Когда Громов, изучив бумаги, вернул их мне, я сказал: «Мне негде жить. Какая-то семья въехала в мою квартиру, хотя я заплатил за нее вперед. Не понимаю, как такое могло случиться, ведь в заводских домах пустуют шестьдесят квартир».
Громов смерил меня холодным взглядом: «Отправляйтесь к коменданту дома и скажите, что я вас прислал. Заночуете в его кабинете. Там есть кресло».
К счастью, о моих злоключениях услышал один из заводских знакомых, который отыскал меня и пригласил остановиться у него — он жил в одноэтажном деревянном доме. В двух крошечных комнатах кроме него ютились его отец с матерью и сестра с ребенком. На завтрак мать моего знакомого поджарила какие-то орехи и заварила чай. Сахара на столе не было. Позавтракав таким образом, я бросился на завод за хлебной карточкой, по которой мне полагалось шестьсот граммов черного хлеба в день. В магазине, куда я пришел со своей карточкой, кроме хлеба продавали одну только картошку по девятьсот рублей (180 долларов) за мешок. В то время я получал тысячу сто рублей в месяц. Следующие несколько дней я жил на одном черном хлебе: половину порции съедал на завтрак, а остальное — вечером.
Целую неделю я изо дня в день стучал в двери своей квартиры и просил вселившихся в нее людей переехать куда-нибудь. Наконец моя настойчивость возымела действие. Спустя десять дней они уехали — к сожалению, прихватив с собой кое-что из моих вещей. Я был так рад вернуться наконец домой, что не стал заявлять о краже.
Вскоре я понял, что недостаток продуктов, который мы довольно часто испытывали до войны, превратился в настоящую проблему. Весь 1942 год я постоянно голодал. Все мысли были о том, как бы достать что-нибудь съестное. Если кто-нибудь из соседей сообщал, что на рынке продают что-то кроме картофеля, я бросал все и бежал туда. Однажды утром, в свой выходной, я узнал, что можно купить молока. Отыскал пустую бутылку и бросился на рынок. Неподалеку от прилавка стоял милиционер, но я не придал этому значения. Я занял очередь за молоком и вдруг почувствовал, что кто-то положил мне руку на плечо.
«Ваши документы», — обратился ко мне милиционер.

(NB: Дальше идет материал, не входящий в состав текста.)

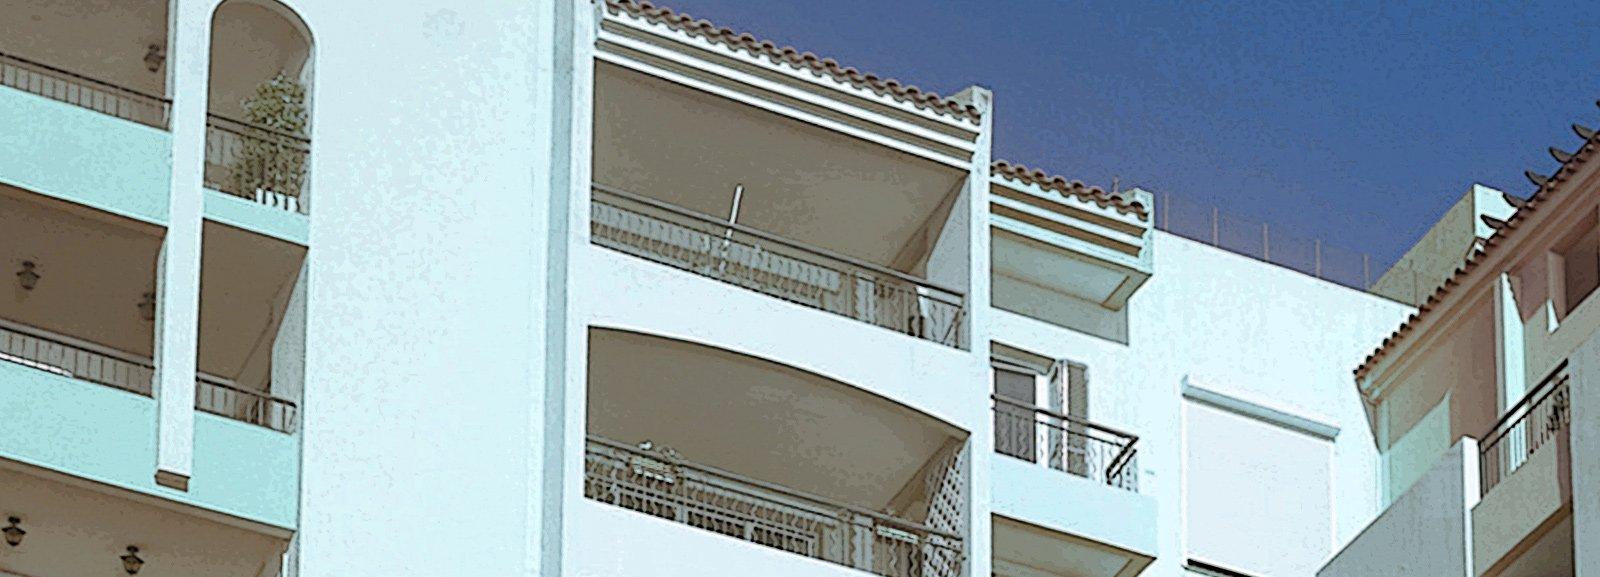 Si pu fare un ampliamento di un appartamento in for Esperto risponde

«Почему я должен показывать вам документы? Я ничего не сделал».
Когда я понял, что передо мной не милиционер, а сотрудник НКВД, я сказал: «Простите, товарищ, но у меня при себе нет документов. Я живу неподалеку и прибежал на рынок, чтобы купить молока, которого уже несколько месяцев не видел».
«Пройдемте в отделение».
Через несколько минут я стоял перед начальником отделения милиции, которому агент НКВД объяснял причину моего задержания. Судя по реакции начальника, чернокожего он видел впервые в жизни. Он спросил, почему у меня не оказалось с собой документов. Когда я рассказал ему про рынок и молоко, то он, по-моему, заподозрил, что у меня вообще нет советских документов.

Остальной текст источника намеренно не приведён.